- Exercise -
In the listing below, locate the line containing "Budapest Eye Ferris" and copy it and every line after it through the end, exactly as written, leaving out any pictures.

- Data block -
********************

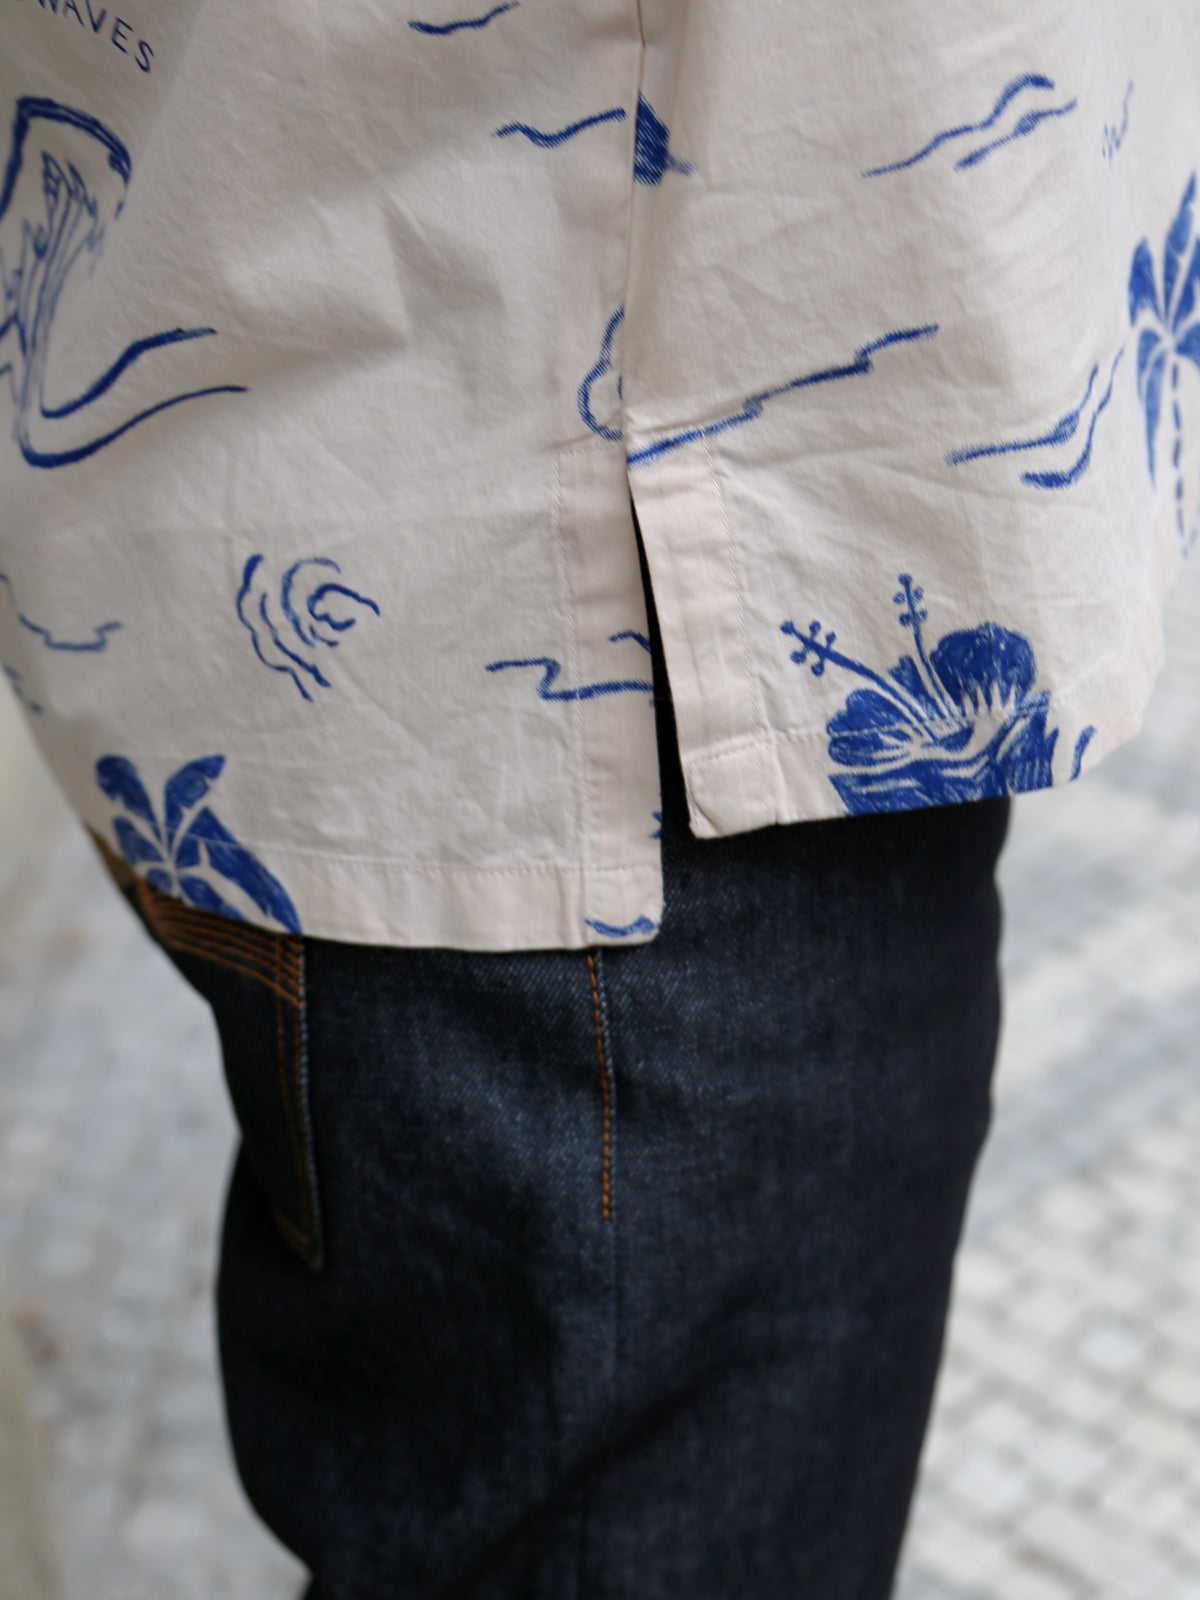 Nudie Jeans Arvid Waves Hawaii Shirt – Ecru (140836)
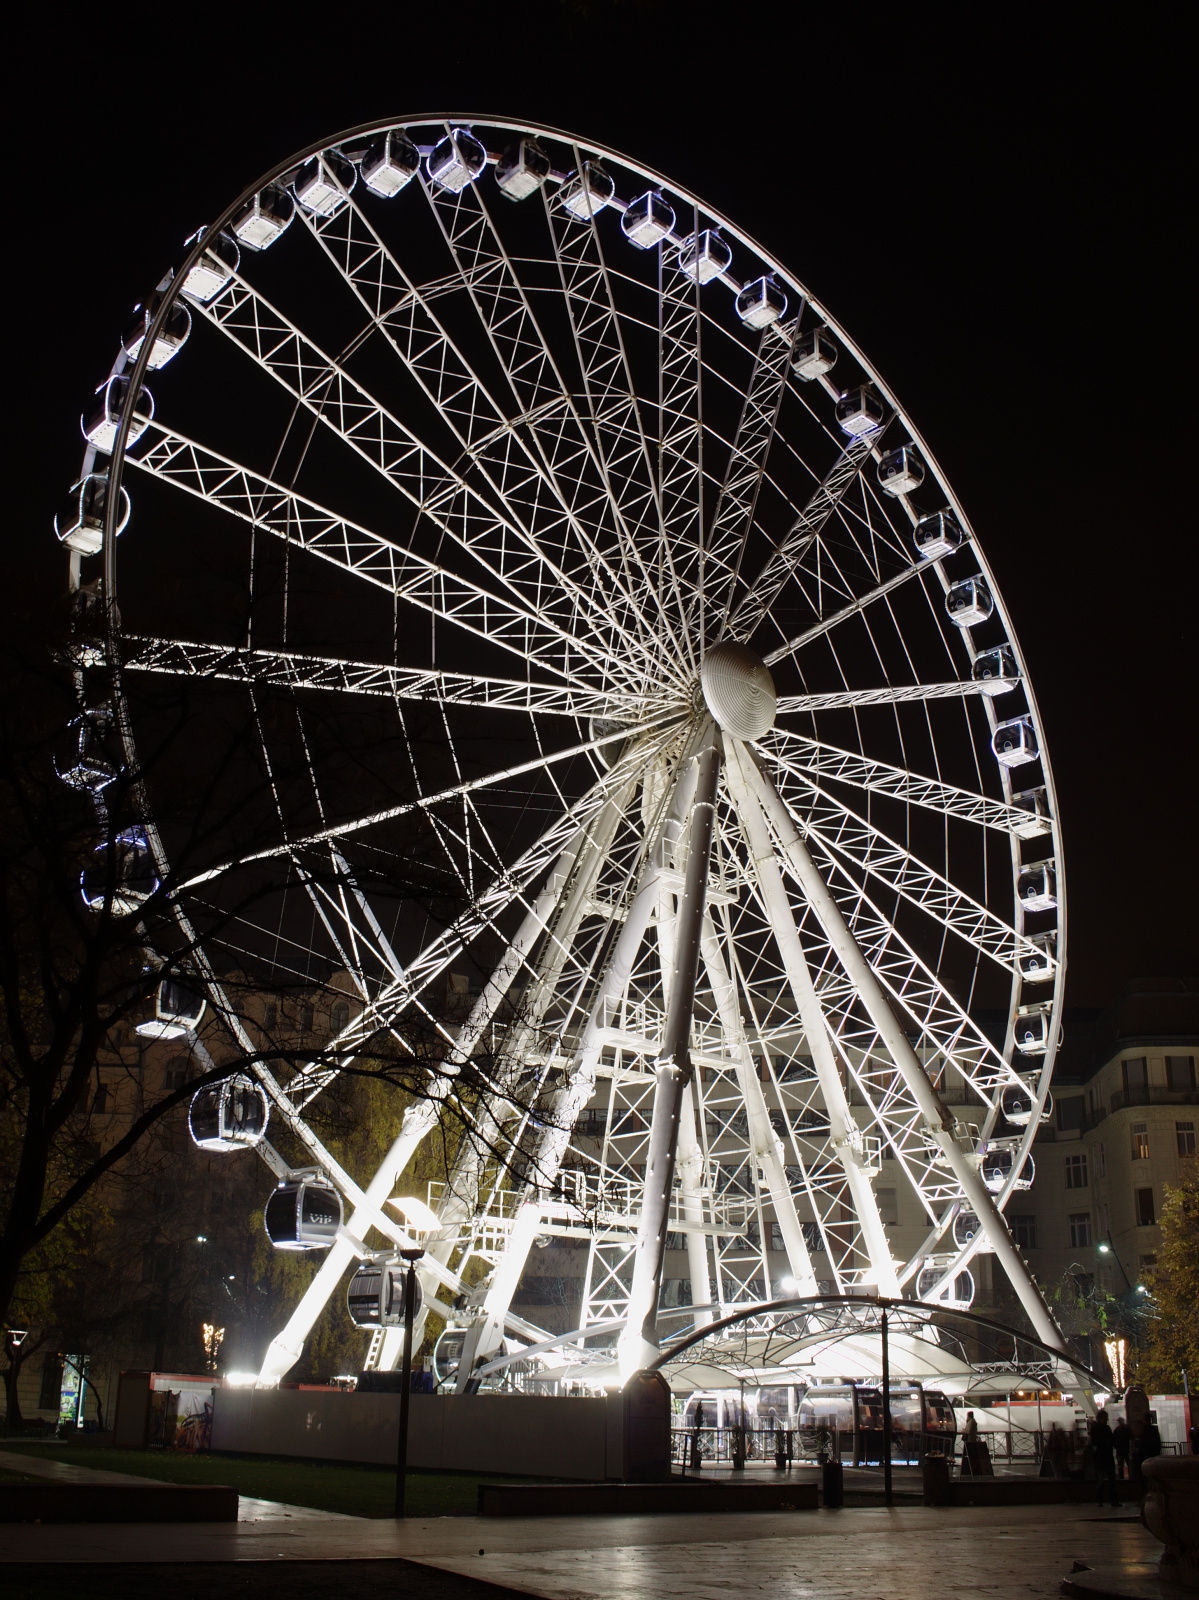 Budapest Eye Ferris Wheel (Travels » Budapest » Budapest at Night)
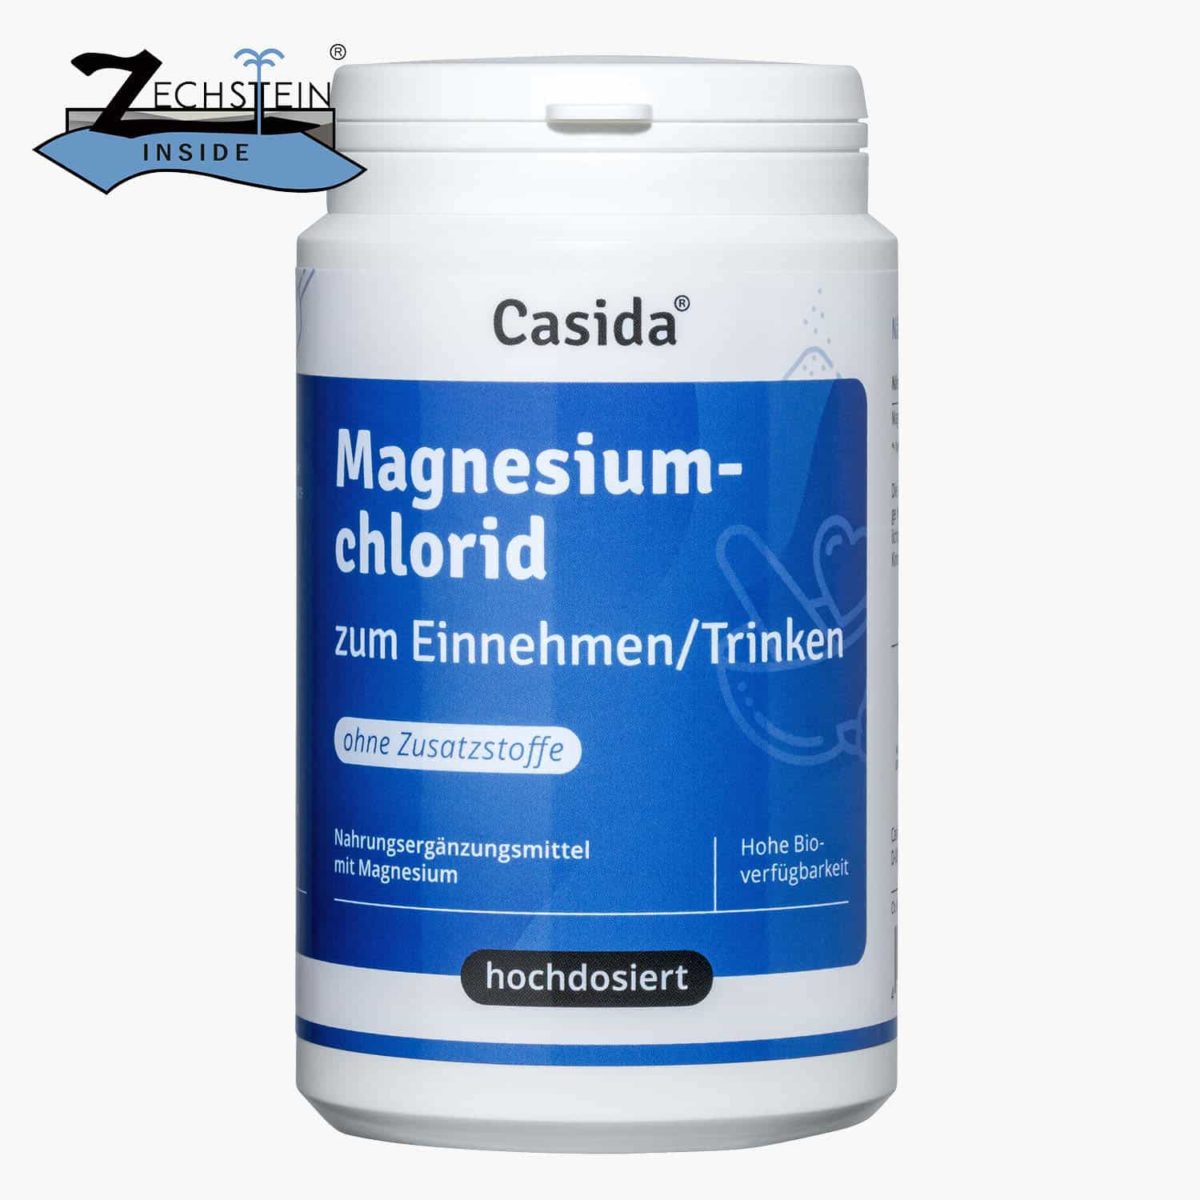 Casida Magnesiumchlorid zum Einnehmen 210 g PZN DE 15190615 UVP 13,95 € EAN 4260518460321 Zechstein

********************

- Solution to the problem -
 Budapest Eye Ferris Wheel (Travels » Budapest » Budapest at Night)
 Casida Magnesiumchlorid zum Einnehmen 210 g PZN DE 15190615 UVP 13,95 € EAN 4260518460321 Zechstein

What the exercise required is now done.